All of the other benefits are simply additional: the fun of different flavours, building coils, fiddling with kit and mixing own juices. If your current aim is to drop the analogs then the kit Matthee suggested is the way to go.

In terms of credibility from local online retailers I have had no issues whatsoever from anyone. The least pleasant customer service experience was from eciggies.co.za. They send you the stuff, and you get a tracking number, no more, no less. VapourMountain are excellent, and Mrs Oupa is very friendly and does an excellent job of dispatching juice with minimum of delay, and following up. Skyblue are head and shoulders above anyone else I have ordered from (even outside of the vaping sphere) as they send stuff fast, and the packaging and additional toys and goodies sent really add such a nice touch to the whole experience.

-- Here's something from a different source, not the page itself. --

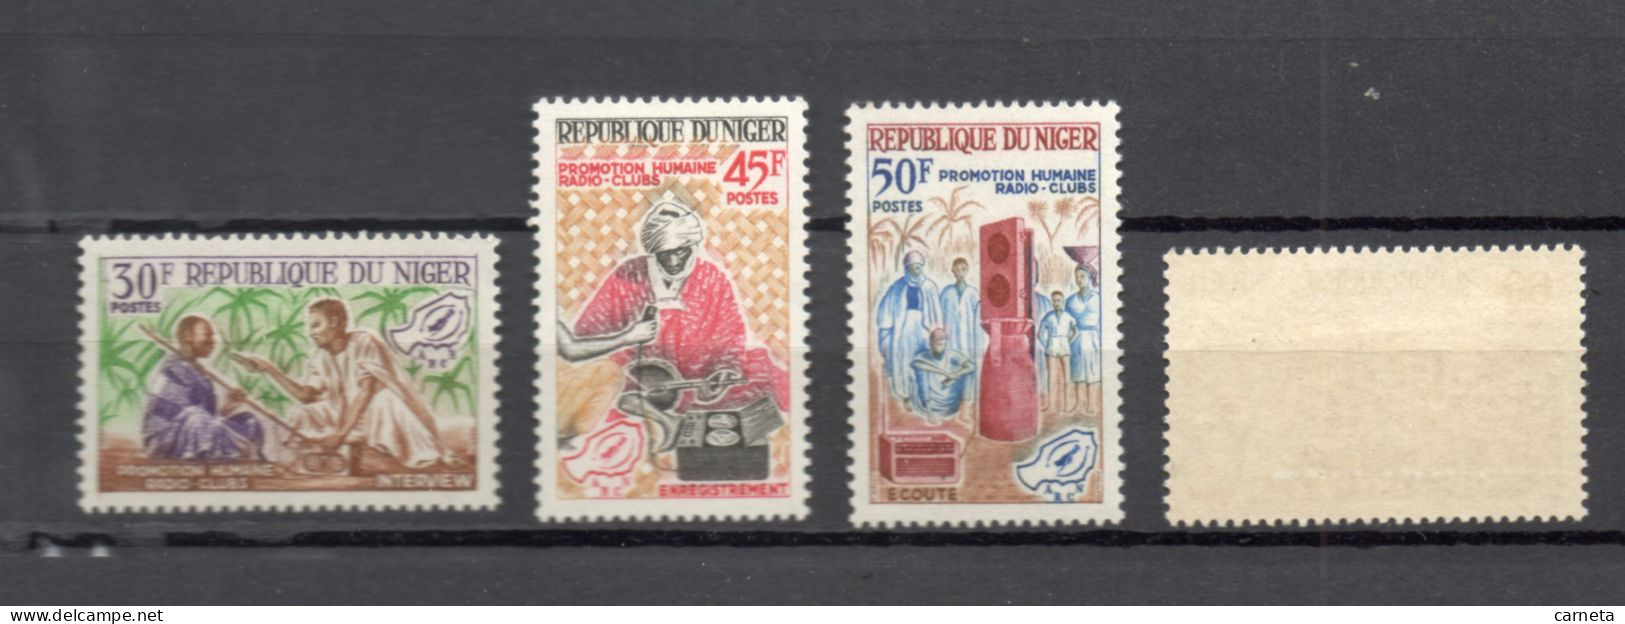 NIGER N° 169 à 172   NEUFS SANS CHARNIERE  COTE 4.00€    PROMOTION HUMAINE  VOIR DESCRIPTION - Niger (1960-...)

I can't comment on Vape King's courier experience, as they are round the corner from me, and I have just popped in to get whatever I have needed. I can say that they are friendly and have very good product knowledge and range. They are flexible in terms of staying open at odd hours and on weekends. Perhaps the best about them is that they have setups you can try all their flavours on, and the vaping lounge is a very relaxed environment.

Of all the retailers on here, provided you can wait the 2 (sometimes 3 days) for the product to arrive, there are really no reliability issues. Also, to be fair to all the resellers, they all had good stock levels at beginning of December, but I think there was a bigger sales push than any had expected.

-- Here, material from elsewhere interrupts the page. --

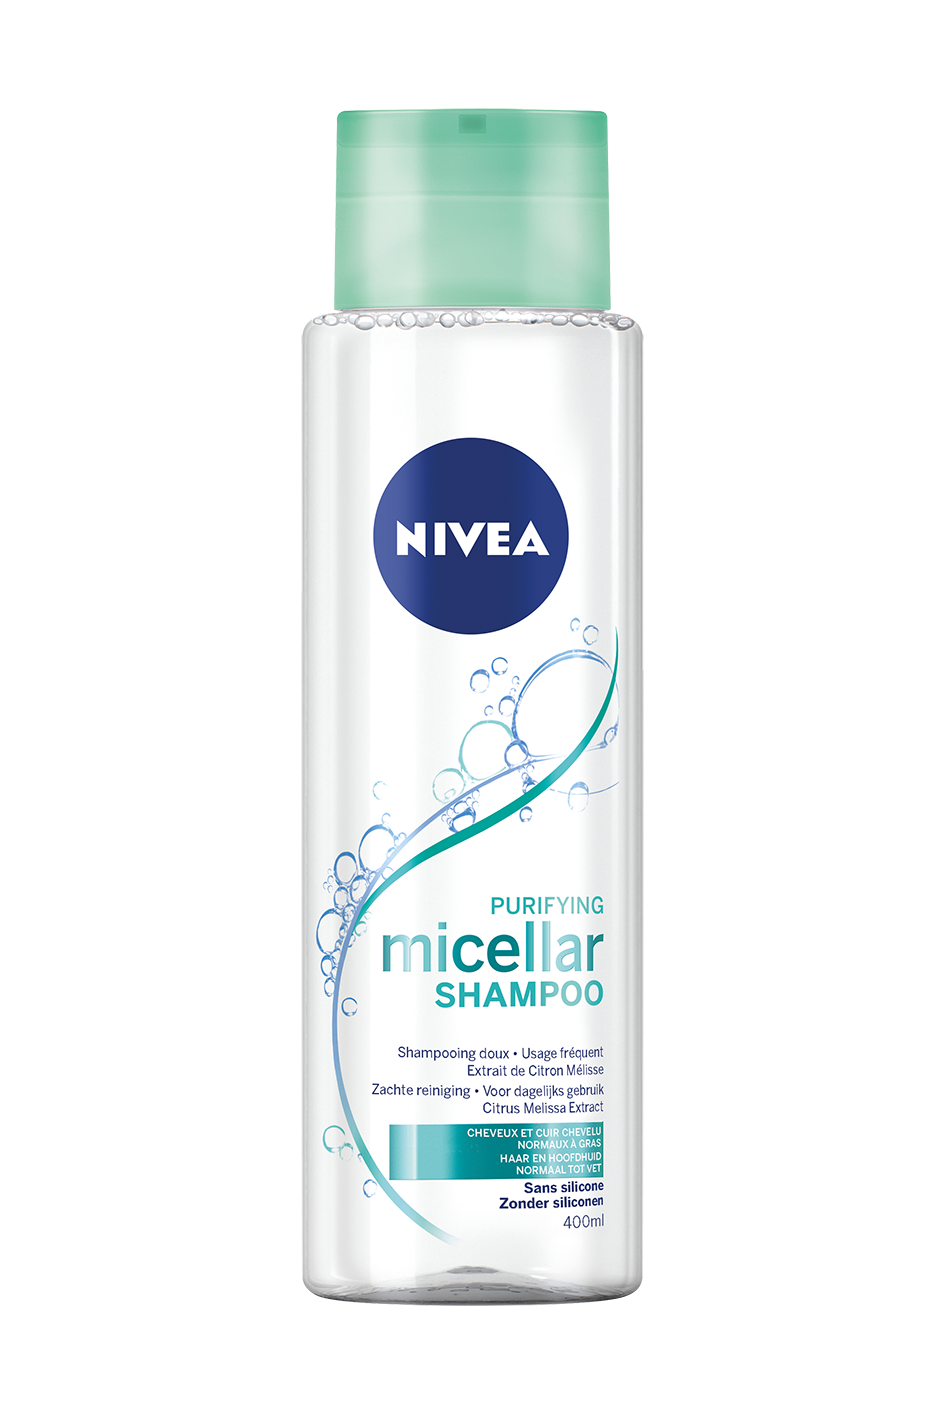 Haartip: De nieuwe micellaire shampoo van Nivea - 1

Finally, I would'nt focus on VW too much at this point. Within a few days of using a VV device you will learn the flavour of burnt juice, and how far you can push a given coil and juice combo before it is unpleasant. Although I do use VW if it is available, I don't feel that VV is any kind of disadvantage

Reactions: Like 2 | Informative 1 | Useful 1


----------



## Fickie (26/1/14)

Thanks guys. Again your posts are really putting things into perspective from the retailers and the products they have. And each post makes me feel less confused. I like gadgets so buttons and LCD MOD's look  but I think that huge Joyetech evic with computer interface is bordering on straight up nerdy! LOL! All I need is a Samsung Note 3 with Gear and one of those and either I'll be James Bond cool or Irkel!

Reactions: Like 2


----------



## Silver (26/1/14)

Fantastic response devdev

Reactions: Like 1


----------



## devdev (26/1/14)

Silver1 said:


> Fantastic response devdev



Thanks Silver  

I'd like to thank the academy, all those who believed in me, and my parents...

Reactions: Funny 4


----------



## Zegee (26/1/14)

If you not necessarily wanting new u can check classified section as well

sent from my EviC 2.0

Reactions: Agree 1


----------



## Fickie (27/1/14)

Would you guys know if this is the genuine product being advertised? My brother is quite interested in it.
http://vapes.co.za/electronic-cigarettes/69-evod-1100mah-starter-kit.html 
Seems to well priced compared to others and with a larger batter?! I noticed it doesn't come in the Evod box.


----------



## Stroodlepuff (27/1/14)

looks like the Ego Evod to me, nothing wrong with it though


----------



## Andre (27/1/14)

Fickie said:


> Would you guys know if this is the genuine product being advertised? My brother is quite interested in it.
> http://vapes.co.za/electronic-cigarettes/69-evod-1100mah-starter-kit.html
> Seems to well priced compared to others and with a larger batter?! I noticed it doesn't come in the Evod box.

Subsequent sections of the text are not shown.